GCC Myths and Facts

tram · 发表于 2003-6-1 16:27:22

GCC Myths and Facts(关于 gcc 3 的一些说明，对编译优化很有用处)
by Joao Seabra, in Editorials - Saturday, February 15th 2003 00:00 PDT

Since my good old Pentium 166 days, I've liked to search for the best optimizations possible so programs can take the maximum advantage of hardware/CPU cycles. If I have a nice piece of hardware, why not run it at its full power, using every little feature? Shouldn't we all try to get the best results from the money invested in our machines?

Copyright notice: All reader-contributed material on freshmeat.net is the property and responsibility of its author; for reprint rights, please contact the author directly.

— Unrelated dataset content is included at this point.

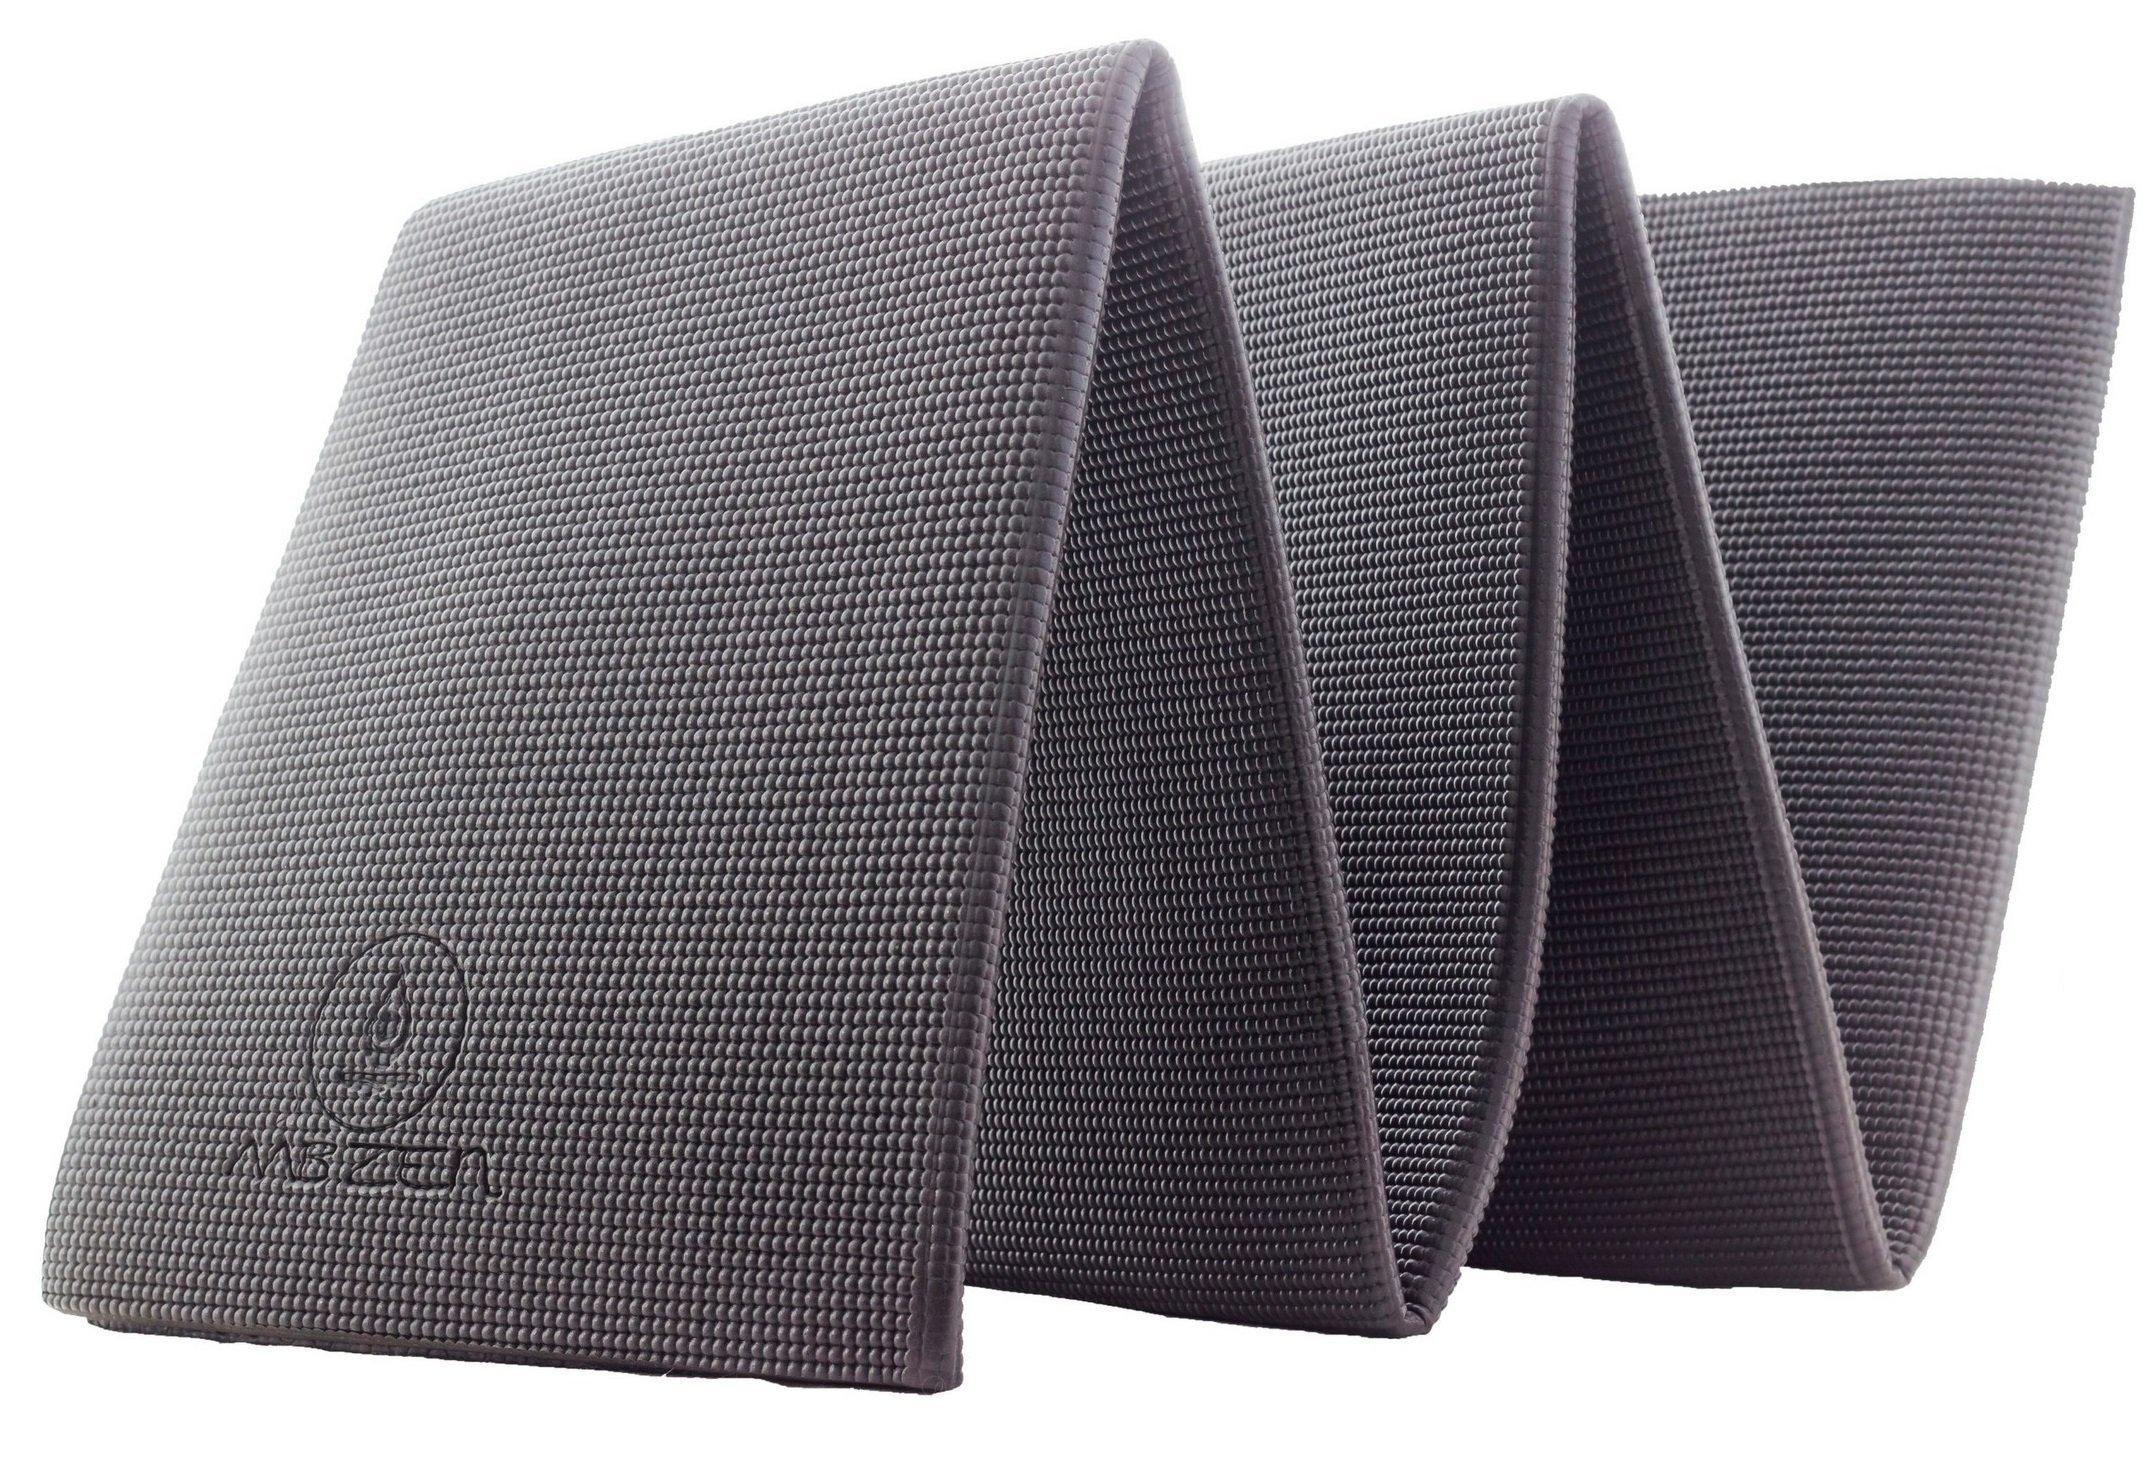 Esterilla Yoga Plegable y Antideslizante – Yoga Mat Perfecta para Yoga Fitness o Gimnasia – Gruesa
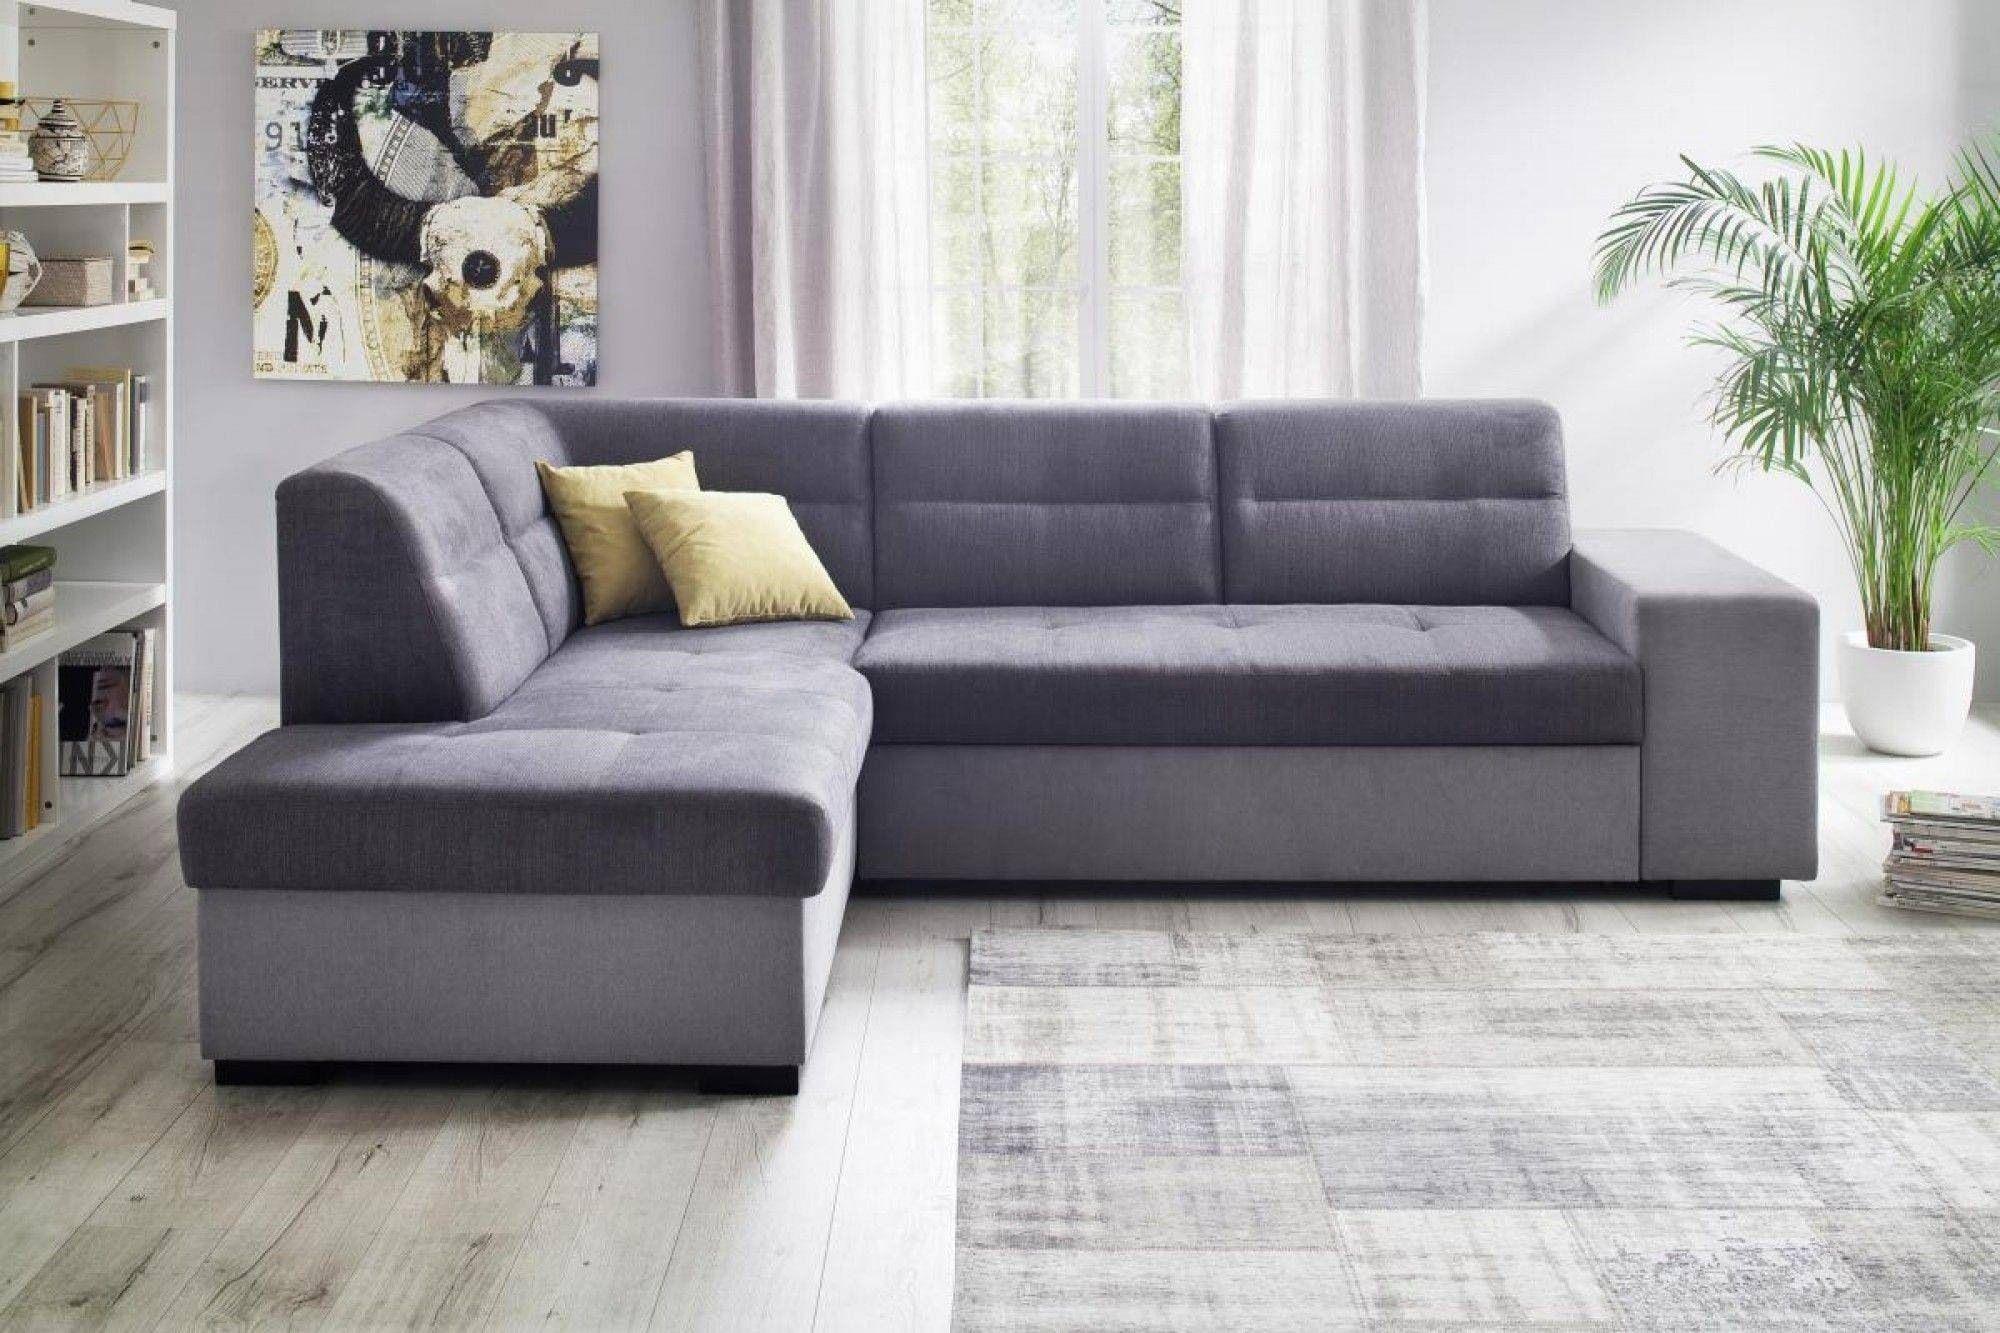 Poco Schlafsofa Einzigartig Sofas Poco Neu Gunstig Sofa Kaufen

This article is written for the average desktop Linux user and with the x86 architecture and C/C++ in mind, but some of its content can be applied to all architectures and languages.
GCC 3 Improvements
GCC 3 is the biggest step forward since GCC 2 and represents more than ten years of work and two of hard development. It has major benefits over its predecessor, including:
Target Improvements

* A new x86 backend, generating much-improved code.
* Support for a generic i386-elf target.
* A new option to emit x86 assembly code using an Intel-style syntax.
* Better code generated for floating point-to-integer conversions, leading to better performance by many 3D applications.

Language Improvements

* A new C++ ABI. On the IA-64 platform, GCC is capable of interoperating with other IA-64 compilers.
* A significant reduction in the size of symbol and debugging information (thanks to the new ABI).
* A new C++ support library and many C++ bugfixes, vastly improving conformance to the ISO C++ standard.
* A new inliner for C++.
* A rewritten C preprocessor, integrated into the C, C++, and Objective C compilers, with many improvements, including ISO C99 support and improvements to dependency generation.

General Optimizations

* Infrastructure for profile-driven optimizations.
* Support for data prefetching.
* Support for SSE, SSE2, 3DNOW!, and MMX instructions.
* A basic block reordering pass.
* New tail call and sibling call elimination optimizations.

Why do some programmers and users fail to take advantage of these amazing new features? I admit that some of them are still "experimental", but not all of them. Perhaps the PGCC (Pentium compiler group) project gave rise to several misunderstandings which persist today. (PGCC offered several Pentium-specific optimizations. I looked at it when it first started, but benchmarks showed that the improvement was only about 2%-5% over GCC 2.7.2.3.)

We should clear the air about the GCC misconceptions. Let's start with the most loved and hated optimization: -Ox.
Myths
I use -O69 because it is faster than -O3.

This is wrong!

The highest optimization is -O3.

From the GCC 3.2.1 manual:

   -O3 Optimize yet more.  -O3 turns on all optimizations
            specified by -O2 and also turns  on  the
            -finline-functions and -frename-registers options.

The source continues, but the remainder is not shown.